Finding sea glass takes time.1
Good writing takes time.2
Healing takes time.
Trust that in time,
Good things will be revealed.
The next time I go to the beach, I plan to fill a small jar with sand and hide one piece of sea glass inside. Another reminder to set at my desk of the metaphor helping me cultivate patience and write. The words will be revealed in time. I just need to pour them out and sift.
When I am able to slow down and practice patience—in writing, parenting, grieving, and everything in between—I can feel the sharp edges of my brokenness and imperfections soften. I become a little kinder and a little gentler with myself and with my kids. And I once again think of the broken shards of discarded glass smoothed by the salt and waves into a rare treasure. The metaphor reaches into me so that I see how I’m being shaped into something luminous and beautiful, too.
May you also trust that you’re being shaped into something luminous and beautiful. May you find patience for your own becoming and healing. And may you notice those glimmers revealing themselves as you sift through the sands of your own story
Invitations for Reflection:
Feeling inspired to reflect? Try one or all of these prompts to explore on the page.
Is there a metaphor that’s coming alive for you lately? What is it revealing?
When do you feel most patient? How can you use that to cultivate patience in other areas of your life?
Is there an area of your life or creativity where you’re being asked to sift and trust?
If you created your own “jar of sand with hidden sea glass,” what would it represent for you right now?
Pour out your words. Sift. What glimmers when you stop striving and start noticing?3
As does the actual process of glass transforming into sea glass.
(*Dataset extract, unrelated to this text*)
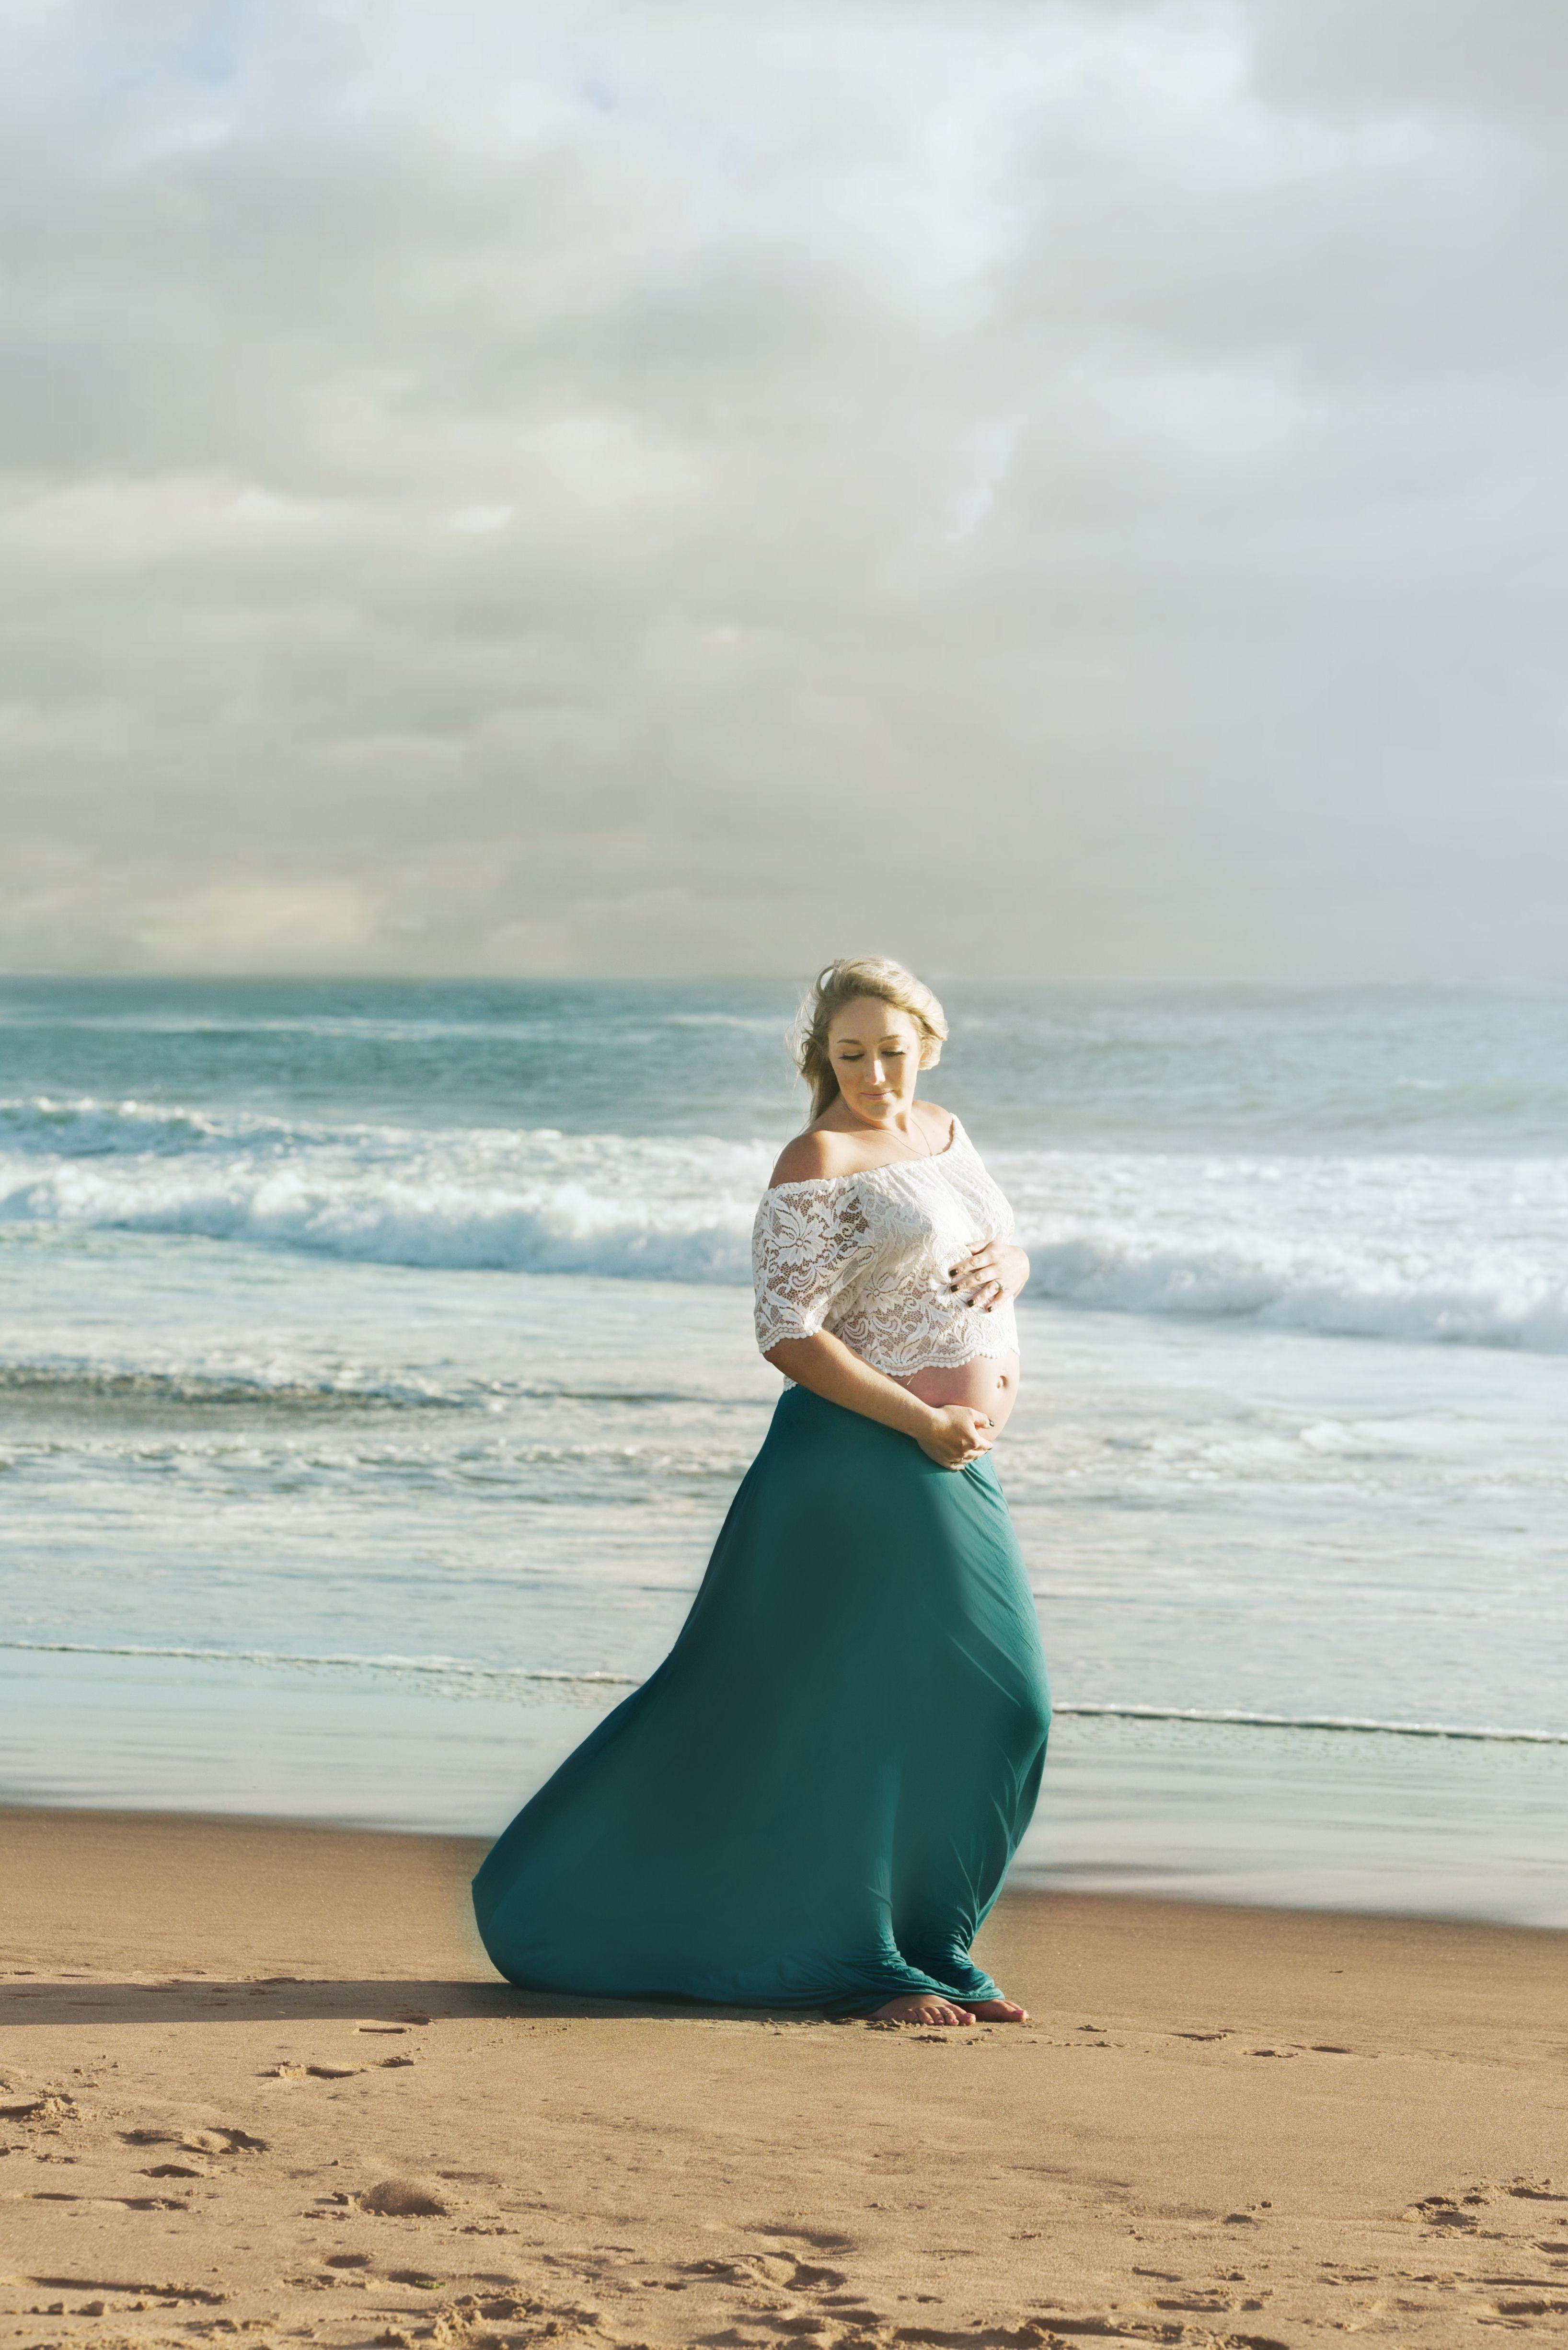 #Beautiful #Maternity #MaternityPhotographer #love #MaternityPhotos #BabyBump #Beachgirl #BeautifulMama #PortlandMaternityPhotographer #baby #MaternityPhotography #PDX #Oregon #ExploreOregon #OregonBeautiful

Based on my quick Google search, a piece of glass can take anywhere from 5 to 50 years to turn into sea glass.
If you need a prompt to help you free write, check out the Pen & Mend archives.
Love this Kristen❣️ What a gift of the spirit patience is...may we all find ways to encourage its lingering.
Sea glass is so deeply metaphorical and has inspired many poems in me, too! <3 this and the practice of burying it in sand in the jar. What a beautiful, wonderful spiritual practice!